*** INFORMATION GIVEN ***

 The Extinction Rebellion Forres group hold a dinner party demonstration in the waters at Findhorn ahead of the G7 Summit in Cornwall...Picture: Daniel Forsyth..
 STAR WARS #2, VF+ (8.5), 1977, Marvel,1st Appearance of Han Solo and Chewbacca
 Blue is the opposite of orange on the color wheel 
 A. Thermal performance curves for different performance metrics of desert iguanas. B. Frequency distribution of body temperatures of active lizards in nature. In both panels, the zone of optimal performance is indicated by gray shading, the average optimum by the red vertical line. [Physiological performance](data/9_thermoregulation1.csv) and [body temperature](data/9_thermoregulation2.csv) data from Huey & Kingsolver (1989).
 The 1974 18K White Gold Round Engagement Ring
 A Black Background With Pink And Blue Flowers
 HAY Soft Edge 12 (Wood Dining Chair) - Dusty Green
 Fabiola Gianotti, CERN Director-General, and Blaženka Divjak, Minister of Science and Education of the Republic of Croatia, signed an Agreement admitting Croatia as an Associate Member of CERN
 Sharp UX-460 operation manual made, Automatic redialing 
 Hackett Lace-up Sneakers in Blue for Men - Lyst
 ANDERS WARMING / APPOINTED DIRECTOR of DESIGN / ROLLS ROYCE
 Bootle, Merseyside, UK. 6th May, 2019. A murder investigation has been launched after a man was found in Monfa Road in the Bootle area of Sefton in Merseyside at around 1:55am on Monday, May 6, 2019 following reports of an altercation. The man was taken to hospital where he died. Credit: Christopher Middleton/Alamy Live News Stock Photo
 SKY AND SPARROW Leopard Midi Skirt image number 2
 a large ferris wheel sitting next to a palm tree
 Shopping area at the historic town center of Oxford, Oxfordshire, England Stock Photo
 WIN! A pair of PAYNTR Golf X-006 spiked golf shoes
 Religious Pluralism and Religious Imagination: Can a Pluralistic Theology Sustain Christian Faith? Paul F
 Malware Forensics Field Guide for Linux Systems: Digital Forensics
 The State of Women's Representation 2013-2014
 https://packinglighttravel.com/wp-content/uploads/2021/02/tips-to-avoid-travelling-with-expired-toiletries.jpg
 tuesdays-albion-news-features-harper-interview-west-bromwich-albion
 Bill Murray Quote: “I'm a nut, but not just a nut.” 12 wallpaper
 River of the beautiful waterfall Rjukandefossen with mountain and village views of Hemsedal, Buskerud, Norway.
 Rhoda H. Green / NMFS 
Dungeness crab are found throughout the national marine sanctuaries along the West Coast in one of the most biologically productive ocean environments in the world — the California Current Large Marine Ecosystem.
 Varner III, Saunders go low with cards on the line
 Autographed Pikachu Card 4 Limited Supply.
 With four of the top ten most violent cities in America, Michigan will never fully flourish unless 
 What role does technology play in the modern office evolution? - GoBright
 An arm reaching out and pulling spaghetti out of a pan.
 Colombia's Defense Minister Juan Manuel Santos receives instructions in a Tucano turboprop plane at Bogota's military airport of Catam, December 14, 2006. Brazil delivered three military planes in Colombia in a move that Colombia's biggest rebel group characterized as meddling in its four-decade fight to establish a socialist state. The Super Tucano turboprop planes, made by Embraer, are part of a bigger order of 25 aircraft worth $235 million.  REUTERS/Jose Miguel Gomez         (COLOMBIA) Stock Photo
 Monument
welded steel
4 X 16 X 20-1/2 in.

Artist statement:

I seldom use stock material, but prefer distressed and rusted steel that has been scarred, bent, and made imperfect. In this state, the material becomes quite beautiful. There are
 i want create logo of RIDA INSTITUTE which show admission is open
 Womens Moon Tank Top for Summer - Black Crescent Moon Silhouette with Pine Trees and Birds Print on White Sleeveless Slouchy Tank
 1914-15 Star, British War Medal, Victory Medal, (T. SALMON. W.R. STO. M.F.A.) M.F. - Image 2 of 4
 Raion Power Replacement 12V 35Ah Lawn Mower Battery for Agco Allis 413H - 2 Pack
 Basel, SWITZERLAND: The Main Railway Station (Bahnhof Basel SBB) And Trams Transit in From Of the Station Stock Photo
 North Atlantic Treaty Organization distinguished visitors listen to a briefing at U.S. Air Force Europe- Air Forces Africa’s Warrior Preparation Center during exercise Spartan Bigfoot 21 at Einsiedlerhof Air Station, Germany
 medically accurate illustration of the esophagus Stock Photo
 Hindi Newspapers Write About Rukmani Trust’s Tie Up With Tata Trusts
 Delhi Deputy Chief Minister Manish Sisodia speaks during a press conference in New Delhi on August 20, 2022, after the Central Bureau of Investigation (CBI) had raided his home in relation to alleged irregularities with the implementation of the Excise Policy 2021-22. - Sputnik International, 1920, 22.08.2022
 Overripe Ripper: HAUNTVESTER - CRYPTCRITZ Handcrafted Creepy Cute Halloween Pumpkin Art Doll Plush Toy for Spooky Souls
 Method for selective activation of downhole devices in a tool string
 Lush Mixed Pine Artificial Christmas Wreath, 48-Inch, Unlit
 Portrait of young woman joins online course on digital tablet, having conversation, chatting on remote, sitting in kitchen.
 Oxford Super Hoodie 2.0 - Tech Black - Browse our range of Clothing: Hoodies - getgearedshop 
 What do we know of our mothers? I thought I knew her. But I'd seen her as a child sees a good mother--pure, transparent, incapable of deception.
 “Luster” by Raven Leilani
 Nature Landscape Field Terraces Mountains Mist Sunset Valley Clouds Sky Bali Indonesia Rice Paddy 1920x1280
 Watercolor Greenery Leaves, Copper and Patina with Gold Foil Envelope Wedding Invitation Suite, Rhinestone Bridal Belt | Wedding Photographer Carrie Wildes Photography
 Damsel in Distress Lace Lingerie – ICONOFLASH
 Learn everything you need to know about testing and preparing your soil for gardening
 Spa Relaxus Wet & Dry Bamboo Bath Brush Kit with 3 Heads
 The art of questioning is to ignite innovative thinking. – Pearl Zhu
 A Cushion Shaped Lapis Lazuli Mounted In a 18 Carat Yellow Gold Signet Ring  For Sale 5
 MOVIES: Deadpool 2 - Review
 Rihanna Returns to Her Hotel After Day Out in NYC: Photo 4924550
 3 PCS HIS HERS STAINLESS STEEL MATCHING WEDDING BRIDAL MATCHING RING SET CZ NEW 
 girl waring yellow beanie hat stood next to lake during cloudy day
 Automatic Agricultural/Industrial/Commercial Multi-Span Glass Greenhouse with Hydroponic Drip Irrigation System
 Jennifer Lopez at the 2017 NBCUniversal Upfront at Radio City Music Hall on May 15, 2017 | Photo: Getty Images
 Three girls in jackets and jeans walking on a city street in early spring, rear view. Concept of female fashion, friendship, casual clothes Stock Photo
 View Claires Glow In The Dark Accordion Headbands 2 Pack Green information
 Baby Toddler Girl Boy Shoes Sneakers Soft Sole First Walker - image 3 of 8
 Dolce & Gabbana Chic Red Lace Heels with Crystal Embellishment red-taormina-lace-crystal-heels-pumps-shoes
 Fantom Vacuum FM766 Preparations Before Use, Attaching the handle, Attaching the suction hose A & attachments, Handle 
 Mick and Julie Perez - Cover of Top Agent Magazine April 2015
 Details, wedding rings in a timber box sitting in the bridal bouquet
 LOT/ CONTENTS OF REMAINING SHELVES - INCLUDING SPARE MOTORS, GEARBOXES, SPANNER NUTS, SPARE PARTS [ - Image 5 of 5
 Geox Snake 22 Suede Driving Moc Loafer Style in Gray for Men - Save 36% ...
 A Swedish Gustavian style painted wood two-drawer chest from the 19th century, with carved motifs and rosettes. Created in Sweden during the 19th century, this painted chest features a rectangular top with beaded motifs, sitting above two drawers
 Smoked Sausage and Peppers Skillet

***

WHAT YOU HAVE TO DO:
Each line of the records above must be copied exactly.

RESULT:
 The Extinction Rebellion Forres group hold a dinner party demonstration in the waters at Findhorn ahead of the G7 Summit in Cornwall...Picture: Daniel Forsyth..
 STAR WARS #2, VF+ (8.5), 1977, Marvel,1st Appearance of Han Solo and Chewbacca
 Blue is the opposite of orange on the color wheel 
 A. Thermal performance curves for different performance metrics of desert iguanas. B. Frequency distribution of body temperatures of active lizards in nature. In both panels, the zone of optimal performance is indicated by gray shading, the average optimum by the red vertical line. [Physiological performance](data/9_thermoregulation1.csv) and [body temperature](data/9_thermoregulation2.csv) data from Huey & Kingsolver (1989).
 The 1974 18K White Gold Round Engagement Ring
 A Black Background With Pink And Blue Flowers
 HAY Soft Edge 12 (Wood Dining Chair) - Dusty Green
 Fabiola Gianotti, CERN Director-General, and Blaženka Divjak, Minister of Science and Education of the Republic of Croatia, signed an Agreement admitting Croatia as an Associate Member of CERN
 Sharp UX-460 operation manual made, Automatic redialing 
 Hackett Lace-up Sneakers in Blue for Men - Lyst
 ANDERS WARMING / APPOINTED DIRECTOR of DESIGN / ROLLS ROYCE
 Bootle, Merseyside, UK. 6th May, 2019. A murder investigation has been launched after a man was found in Monfa Road in the Bootle area of Sefton in Merseyside at around 1:55am on Monday, May 6, 2019 following reports of an altercation. The man was taken to hospital where he died. Credit: Christopher Middleton/Alamy Live News Stock Photo
 SKY AND SPARROW Leopard Midi Skirt image number 2
 a large ferris wheel sitting next to a palm tree
 Shopping area at the historic town center of Oxford, Oxfordshire, England Stock Photo
 WIN! A pair of PAYNTR Golf X-006 spiked golf shoes
 Religious Pluralism and Religious Imagination: Can a Pluralistic Theology Sustain Christian Faith? Paul F
 Malware Forensics Field Guide for Linux Systems: Digital Forensics
 The State of Women's Representation 2013-2014
 https://packinglighttravel.com/wp-content/uploads/2021/02/tips-to-avoid-travelling-with-expired-toiletries.jpg
 tuesdays-albion-news-features-harper-interview-west-bromwich-albion
 Bill Murray Quote: “I'm a nut, but not just a nut.” 12 wallpaper
 River of the beautiful waterfall Rjukandefossen with mountain and village views of Hemsedal, Buskerud, Norway.
 Rhoda H. Green / NMFS 
Dungeness crab are found throughout the national marine sanctuaries along the West Coast in one of the most biologically productive ocean environments in the world — the California Current Large Marine Ecosystem.
 Varner III, Saunders go low with cards on the line
 Autographed Pikachu Card 4 Limited Supply.
 With four of the top ten most violent cities in America, Michigan will never fully flourish unless 
 What role does technology play in the modern office evolution? - GoBright
 An arm reaching out and pulling spaghetti out of a pan.
 Colombia's Defense Minister Juan Manuel Santos receives instructions in a Tucano turboprop plane at Bogota's military airport of Catam, December 14, 2006. Brazil delivered three military planes in Colombia in a move that Colombia's biggest rebel group characterized as meddling in its four-decade fight to establish a socialist state. The Super Tucano turboprop planes, made by Embraer, are part of a bigger order of 25 aircraft worth $235 million.  REUTERS/Jose Miguel Gomez         (COLOMBIA) Stock Photo
 Monument
welded steel
4 X 16 X 20-1/2 in.

Artist statement:

I seldom use stock material, but prefer distressed and rusted steel that has been scarred, bent, and made imperfect. In this state, the material becomes quite beautiful. There are
 i want create logo of RIDA INSTITUTE which show admission is open
 Womens Moon Tank Top for Summer - Black Crescent Moon Silhouette with Pine Trees and Birds Print on White Sleeveless Slouchy Tank
 1914-15 Star, British War Medal, Victory Medal, (T. SALMON. W.R. STO. M.F.A.) M.F. - Image 2 of 4
 Raion Power Replacement 12V 35Ah Lawn Mower Battery for Agco Allis 413H - 2 Pack
 Basel, SWITZERLAND: The Main Railway Station (Bahnhof Basel SBB) And Trams Transit in From Of the Station Stock Photo
 North Atlantic Treaty Organization distinguished visitors listen to a briefing at U.S. Air Force Europe- Air Forces Africa’s Warrior Preparation Center during exercise Spartan Bigfoot 21 at Einsiedlerhof Air Station, Germany
 medically accurate illustration of the esophagus Stock Photo
 Hindi Newspapers Write About Rukmani Trust’s Tie Up With Tata Trusts
 Delhi Deputy Chief Minister Manish Sisodia speaks during a press conference in New Delhi on August 20, 2022, after the Central Bureau of Investigation (CBI) had raided his home in relation to alleged irregularities with the implementation of the Excise Policy 2021-22. - Sputnik International, 1920, 22.08.2022
 Overripe Ripper: HAUNTVESTER - CRYPTCRITZ Handcrafted Creepy Cute Halloween Pumpkin Art Doll Plush Toy for Spooky Souls
 Method for selective activation of downhole devices in a tool string
 Lush Mixed Pine Artificial Christmas Wreath, 48-Inch, Unlit
 Portrait of young woman joins online course on digital tablet, having conversation, chatting on remote, sitting in kitchen.
 Oxford Super Hoodie 2.0 - Tech Black - Browse our range of Clothing: Hoodies - getgearedshop 
 What do we know of our mothers? I thought I knew her. But I'd seen her as a child sees a good mother--pure, transparent, incapable of deception.
 “Luster” by Raven Leilani
 Nature Landscape Field Terraces Mountains Mist Sunset Valley Clouds Sky Bali Indonesia Rice Paddy 1920x1280
 Watercolor Greenery Leaves, Copper and Patina with Gold Foil Envelope Wedding Invitation Suite, Rhinestone Bridal Belt | Wedding Photographer Carrie Wildes Photography
 Damsel in Distress Lace Lingerie – ICONOFLASH
 Learn everything you need to know about testing and preparing your soil for gardening
 Spa Relaxus Wet & Dry Bamboo Bath Brush Kit with 3 Heads
 The art of questioning is to ignite innovative thinking. – Pearl Zhu
 A Cushion Shaped Lapis Lazuli Mounted In a 18 Carat Yellow Gold Signet Ring  For Sale 5
 MOVIES: Deadpool 2 - Review
 Rihanna Returns to Her Hotel After Day Out in NYC: Photo 4924550
 3 PCS HIS HERS STAINLESS STEEL MATCHING WEDDING BRIDAL MATCHING RING SET CZ NEW 
 girl waring yellow beanie hat stood next to lake during cloudy day
 Automatic Agricultural/Industrial/Commercial Multi-Span Glass Greenhouse with Hydroponic Drip Irrigation System
 Jennifer Lopez at the 2017 NBCUniversal Upfront at Radio City Music Hall on May 15, 2017 | Photo: Getty Images
 Three girls in jackets and jeans walking on a city street in early spring, rear view. Concept of female fashion, friendship, casual clothes Stock Photo
 View Claires Glow In The Dark Accordion Headbands 2 Pack Green information
 Baby Toddler Girl Boy Shoes Sneakers Soft Sole First Walker - image 3 of 8
 Dolce & Gabbana Chic Red Lace Heels with Crystal Embellishment red-taormina-lace-crystal-heels-pumps-shoes
 Fantom Vacuum FM766 Preparations Before Use, Attaching the handle, Attaching the suction hose A & attachments, Handle 
 Mick and Julie Perez - Cover of Top Agent Magazine April 2015
 Details, wedding rings in a timber box sitting in the bridal bouquet
 LOT/ CONTENTS OF REMAINING SHELVES - INCLUDING SPARE MOTORS, GEARBOXES, SPANNER NUTS, SPARE PARTS [ - Image 5 of 5
 Geox Snake 22 Suede Driving Moc Loafer Style in Gray for Men - Save 36% ...
 A Swedish Gustavian style painted wood two-drawer chest from the 19th century, with carved motifs and rosettes. Created in Sweden during the 19th century, this painted chest features a rectangular top with beaded motifs, sitting above two drawers
 Smoked Sausage and Peppers Skillet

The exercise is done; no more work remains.